И я уже решил, кто пойдет со мной, но хочу, чтобы товарищи быстро выполнили мой приказ, и делаю вид, что решать будем вместе.
Через несколько минут Далле Донне собрал около пятидесяти партизан, которые были одеты в форму немецких солдат или хотя бы имели часть обмундирования, и приказал тем, кто остается на нашей базе, отдать свою форму будущим участникам операции. Я напомнил тем, кто готовился к операции, что у них должно быть немецкое оружие. Восемь немецких мундиров, добытых во время операции около Босконы, решили взять с собой. Я тщательно осмотрел каждого из товарищей, чтобы ни одна деталь одежды не выдала их.
И вот мы уходим все дальше и дальше от нашей казармы, сопровождаемые взглядами товарищей, которые пели «Бандьера росса» и в прощальном приветствии вскинули кверху руки со сжатыми кулаками.
Честно говоря, я не пел и не поднял сжатый кулак, даже не повернулся, чтобы посмотреть на оставшихся товарищей. Тревога об исходе нашей операции уже охватила меня.
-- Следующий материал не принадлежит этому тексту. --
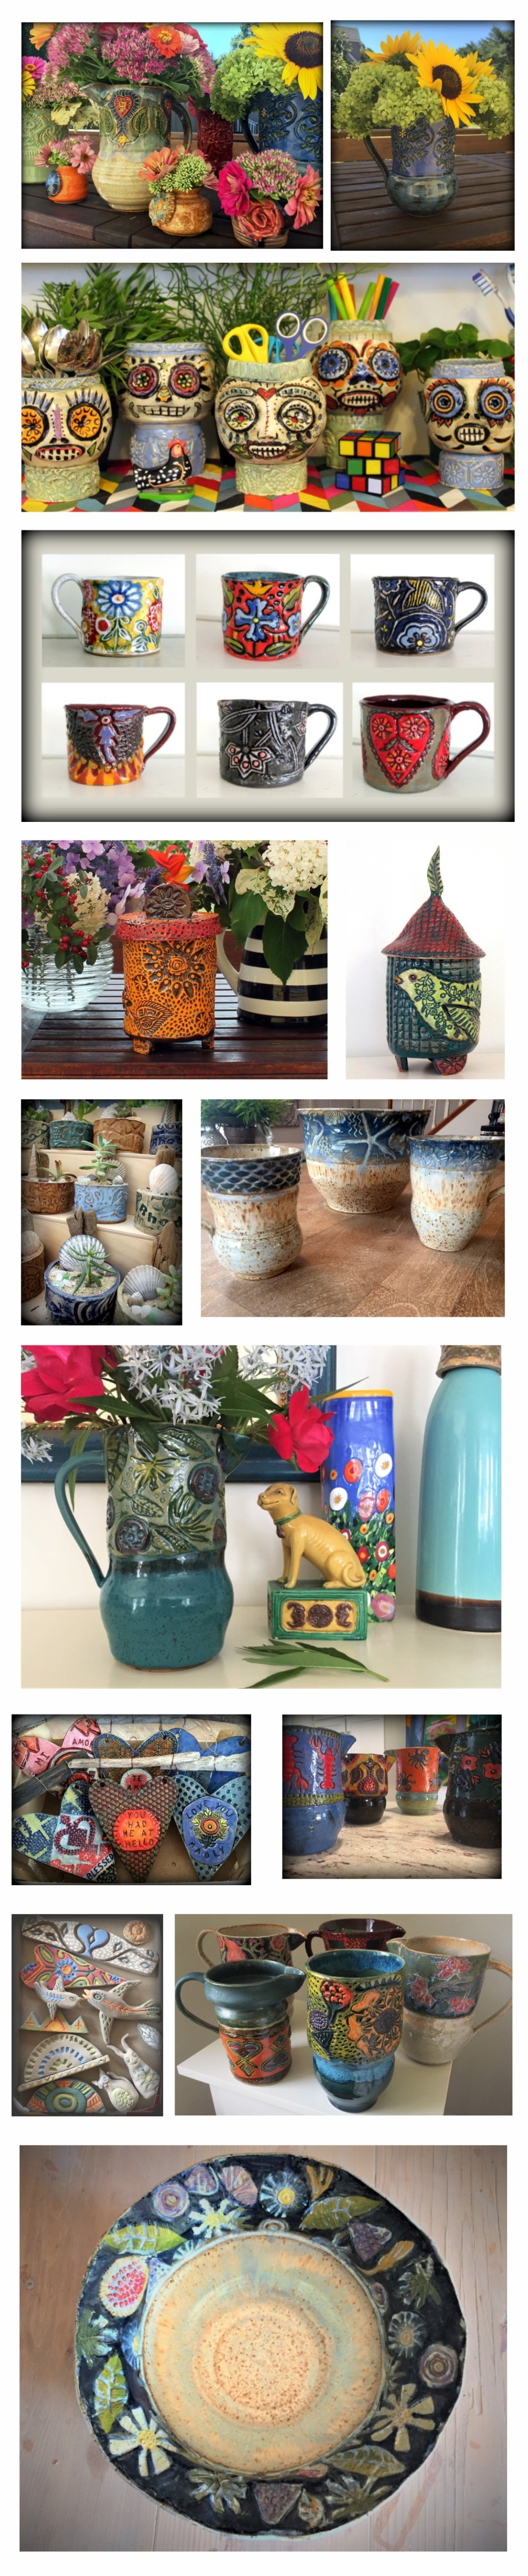 __BCM pottery pics

Судьба моих спутников и тех, кого мы хотели освободить сейчас, во многом зависела от нашей находчивости, военной хитрости и хладнокровия.
Я старался ускорить спуск по склону, так как темнота все сгущалась, гасли последние лучи заката, в то же время мне казалось, что чем дальше мы уйдем от оставшихся товарищей, тем быстрее утихнет во мне это почти ребяческое возбуждение. Позади я часто слышал смех, сопровождавший чье-то падение, или беззлобное переругивание, если кто-либо сбивал строй, споткнувшись или зацепившись сапогом за камень.
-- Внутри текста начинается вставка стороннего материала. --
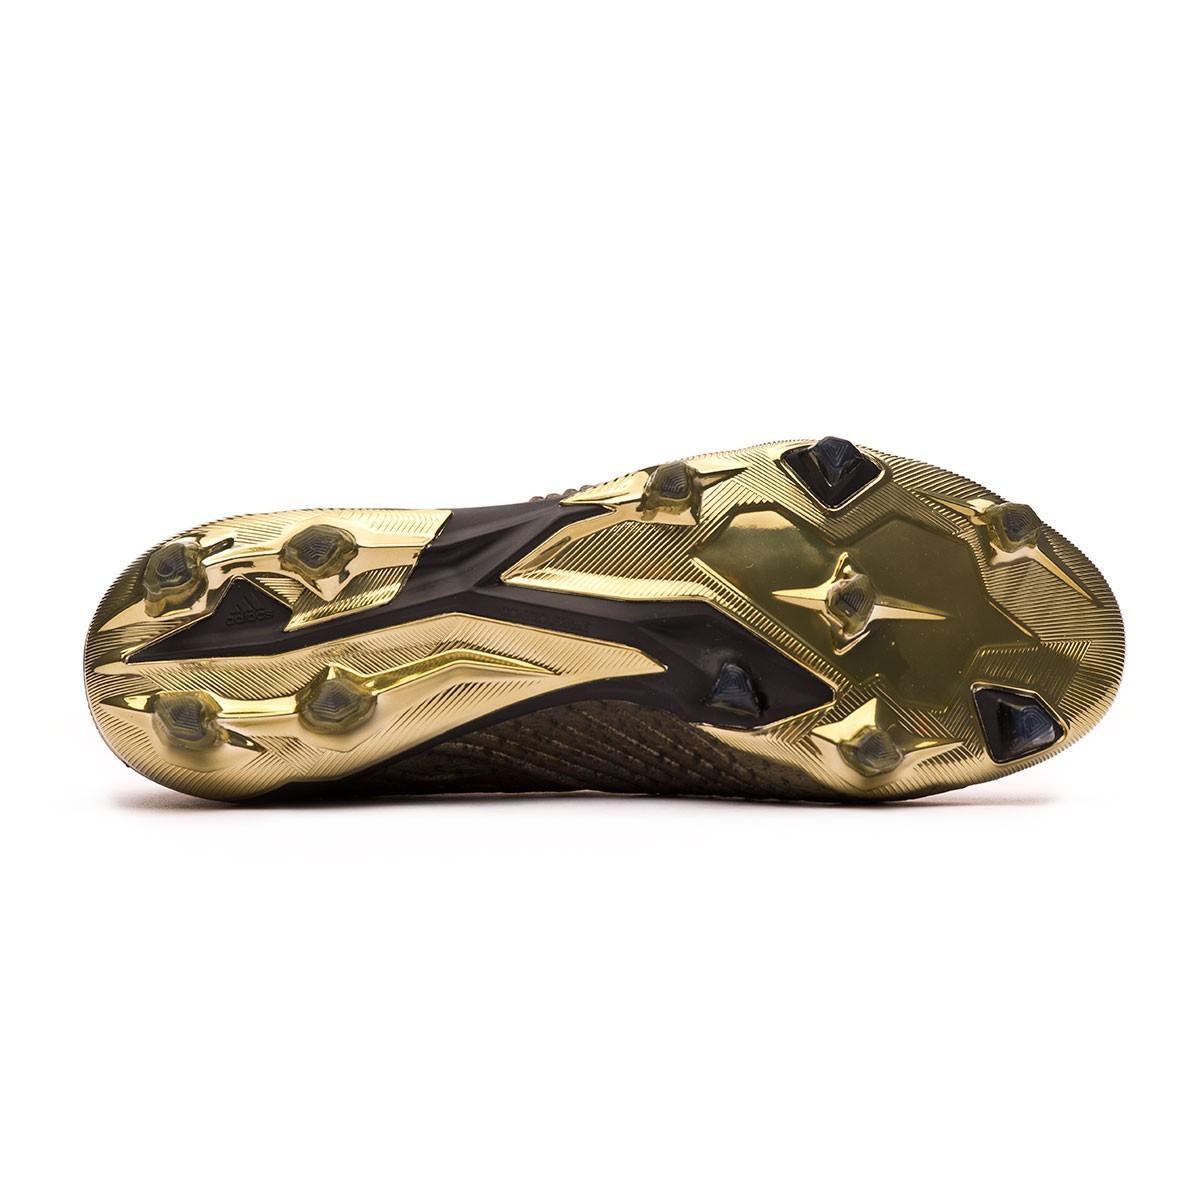 Chaussure de foot adidas Predator 18+ FG Pogba

Спустя немного времени мы оказались возле мастика через Ардо, шаткого и узкого, без всякого ограждения по бокам, а внизу уже с трудом различалась покрытая пеной поверхность воды.
Благополучно перебравшись через Ардо, мы начали подниматься по тропинке, разорванной глубокими обрывами на несколько сотен метров; эту тропинку можно было бы назвать «тропой надежды». Каждый раз, когда мы проходили по ней, кто-нибудь громко высказывал свою сокровенную мысль, относившуюся к прошлым воспоминаниям или к будущему. В этот вечер Мик, один из наших ребят, родом из Южной Африки, вслух заметил, что хорошо было бы, если бы кто-нибудь из его деревни не по рассказам, а лично познакомился бы с такой дорогой.
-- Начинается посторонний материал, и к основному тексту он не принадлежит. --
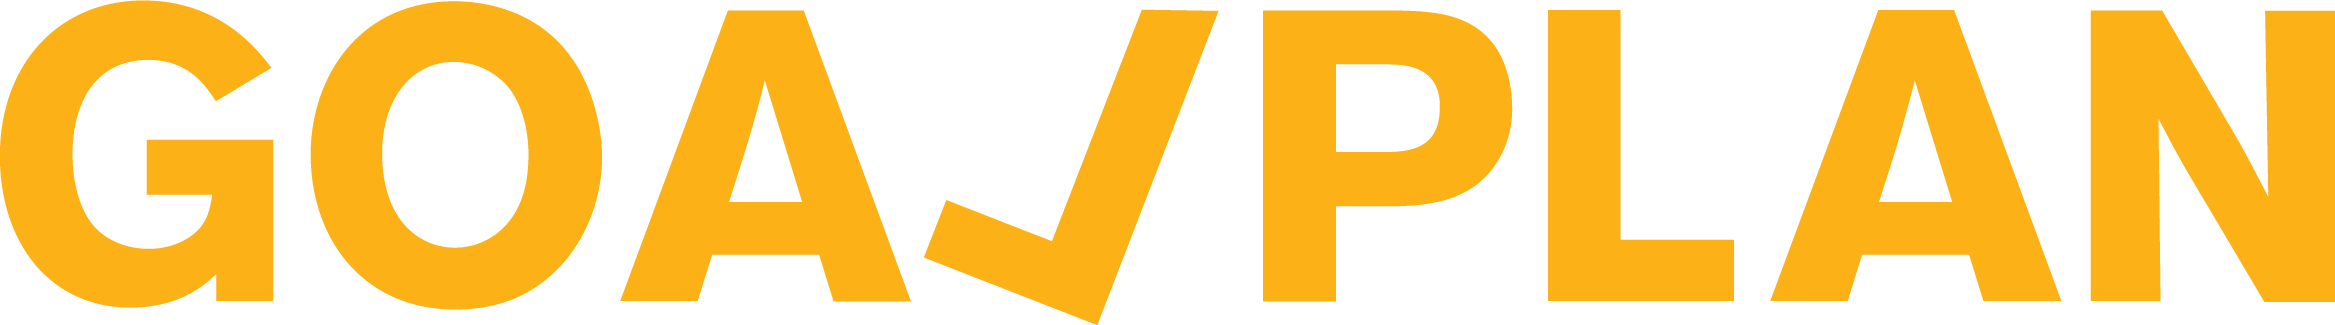 Goalplan_logo_yellow@4x (3)

Николотто постоянно следил за настроением товарищей, поддерживал дух людей. Прошло еще немного времени, и мы увидели огоньки деревушки Казе Бартот.
Вся деревня была погружена в глубокую тишину, но на звук наших шагов открылись некоторые двери, и мы услышали голоса жителей, называвших наших товарищей по именам.
Не убавляя шаг, мы отвечаем на приветствия: двери одна за другой снова закрываются, и вскоре Казе Бартот остается позади. Теперь мы находимся примерно в полукилометре от центра Больцано ди Беллуно, через который проходит шоссе, ведущее в глубь долины. Мы спускаемся по небольшой дороге вроде проселка, идущей слева от шоссе, и добираемся до стоящего на ровном участке небольшого домика, почти со всех сторон опоясанного верандой.
На лай собаки, спрятавшейся в кустах около дома, появляется человек с морщинистым лицом и рыжеватыми волосами, слабо освещенный светом керосиновой лампы, и прислоняется к столбику веранды, всматриваясь в темноту, пока я не выхожу в золу света колеблющегося пламени лампы. Это и есть Совилла, он живет у скал, расположенных вдоль берега Ардо, сжимающих русло реки в узкий проток, не больше метра; камнем из этих скал обтачивают и шлифуют лезвия и различный инструмент, а также используют для всяческих поделок. У Совиллы крепкие широкие ладони с растрескавшейся мозолистой кожей. Всю жизнь он не расстается с резцом и молотком — орудиями тяжелого труда каменотеса. За пятьдесят лет кожа его стала неотличимой по цвету от цвета скал его родной земли. Он Человек честный, надежный, истинный социалист.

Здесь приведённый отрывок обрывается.